Wall Street opens lower, frightened by the rise in bond rates

The floor of the New York Stock Exchange (GETTY IMAGES NORTH AMERICA/AFP/Jamie McCarthy)

The New York Stock Exchange opened lower on Monday, frightened by the irresistible rise in bond rates and the prospect of a new suspension of state services due to a budgetary impasse.

Around 2:05 p.m. GMT, the Dow Jones fell by 0.24%, the Nasdaq index was close to balance (-0.01%) and the broader S&P 500 index lost 0.09%.

“A certain lethargy has taken hold of the stock market, whose participants are exhausted by the rise in bond yields and the idea that the key rate (of the American central bank) could rise further,” commented, in a note, Patrick O’Hare, from Briefing.com

The yield on 10-year US government bonds thus rose on Monday to 4.53%, a first in almost 16 years, compared to 4.43% at the close on Friday.

This context weighed on stocks, which “are experiencing a decline”, which began several weeks ago, according to Sam Stovall of CFRA.

This is, according to him, “a moderate correction” which could see the market reduced by 5% to 10%, with the S&P 500 testing several major technical levels, namely 4,200 points, then possibly 4,000 points (it was at 4,318 points at 2:05 p.m. GMT).

However, the analyst sees Wall Street recovering during the last two months of the year. “We are not done with this bull market,” anticipates Sam Stovall.

Investors were also worried about the budget impasse in Congress, which could lead the American government to suspend part of its activities as of October 1, due to lack of sufficient funding.

A sign of renewed nervousness in the New York market, the VIX index, which measures market volatility, returned to heights more frequented for a month.

On the market, among the giant capitalizations of the technology sector, Amazon was doing well (+0.97%), after unveiling a major investment in the so-called generative artificial intelligence (AI) start-up Anthropic.

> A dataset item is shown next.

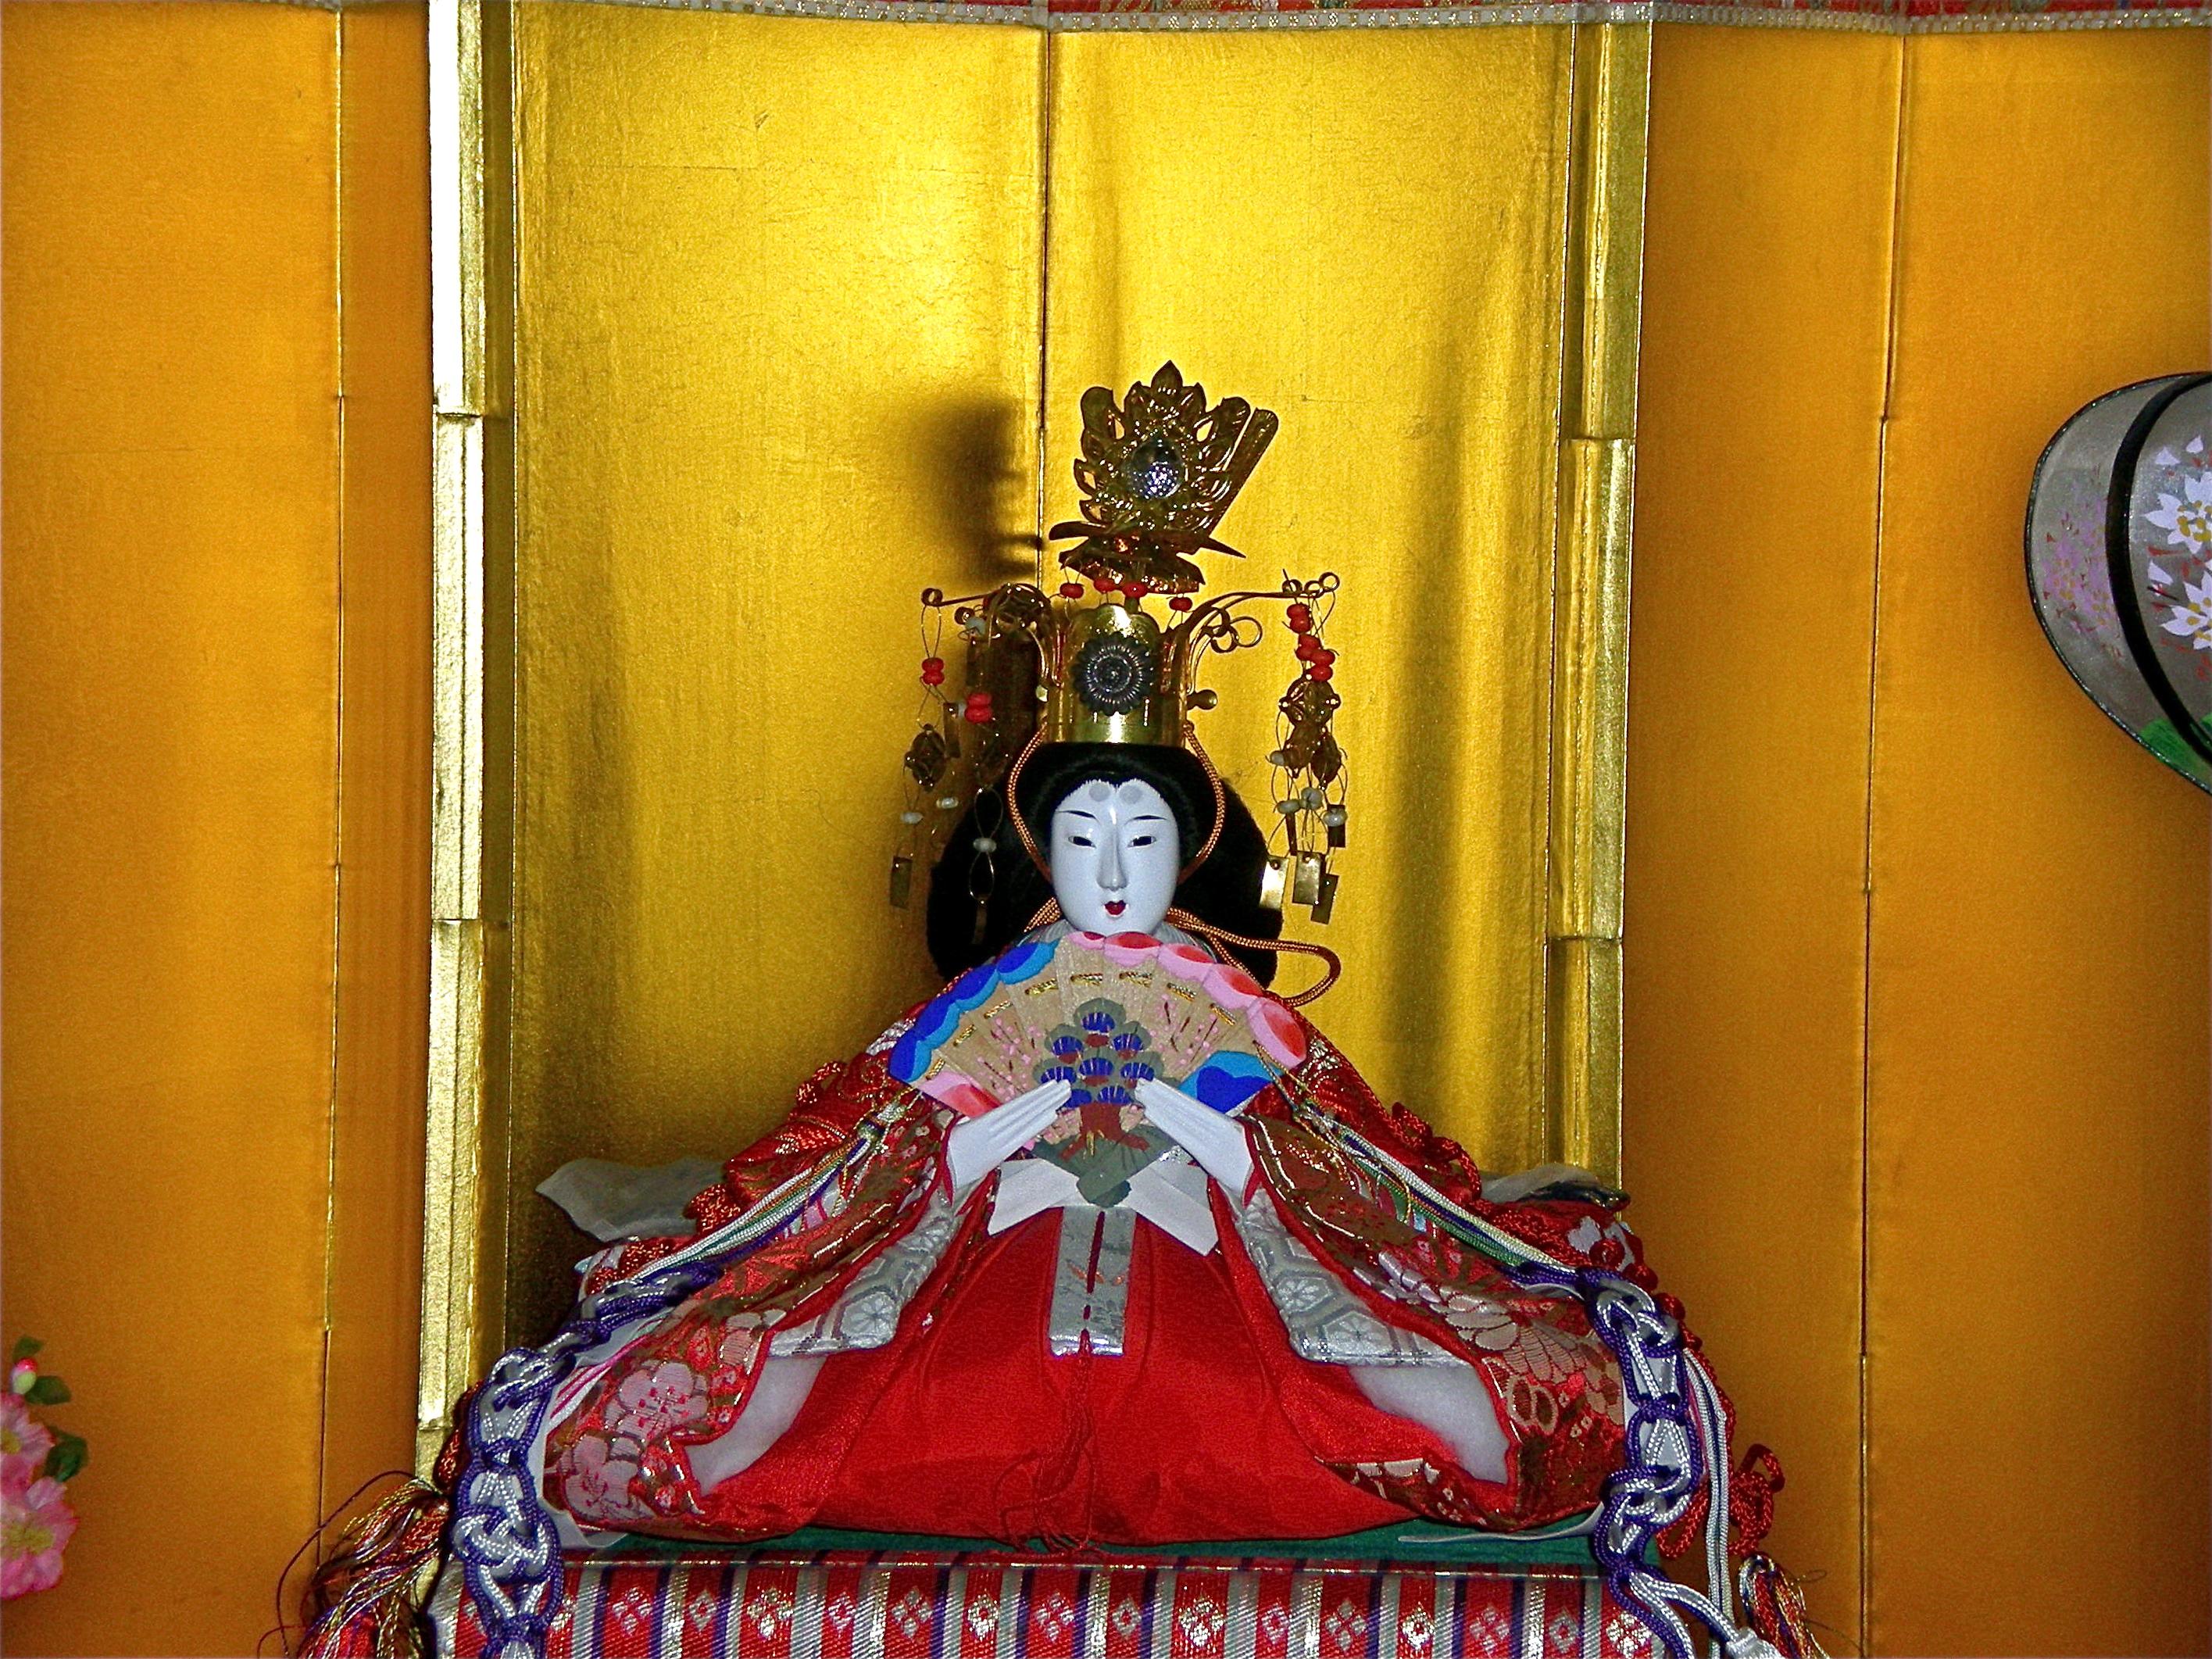 Hina Matsuri Doll by Chron1

According to the Wall Street Journal, the Seattle group will immediately inject $1.25 billion and could increase its stake to $4 billion depending on certain criteria.

Only Netflix (+0.91%) benefited from the agreement in principle between the Hollywood screenwriters’ union and the studios, which must end a strike that began almost five months ago. Disney (-0.27%), Paramount Global (-0.95%) and Warner Bros Discovery (-1.44%) were all moving in the red.

HP was surviving despite Berkshire Hathaway, Warren Buffett’s holding company, selling 4.8 million shares of the computer maker last week, according to a document published Friday by the stock market regulator, the SEC.

Boeing (-0.78%) did not benefit from the order placed by Air Canada, which purchased 18 787-10 Dreamliner aircraft, the first of which must be delivered at the end of 2025. At the list price, the order represents approximately six billion dollars.

The Rite Aid pharmacy chain fell (-17.24%) after the Wall Street Journal reported discussions between the group and its creditors with a view to filing for bankruptcy. According to the daily, the Philadelphia company has proposed closing 400 to 500 branches as part of a backup plan.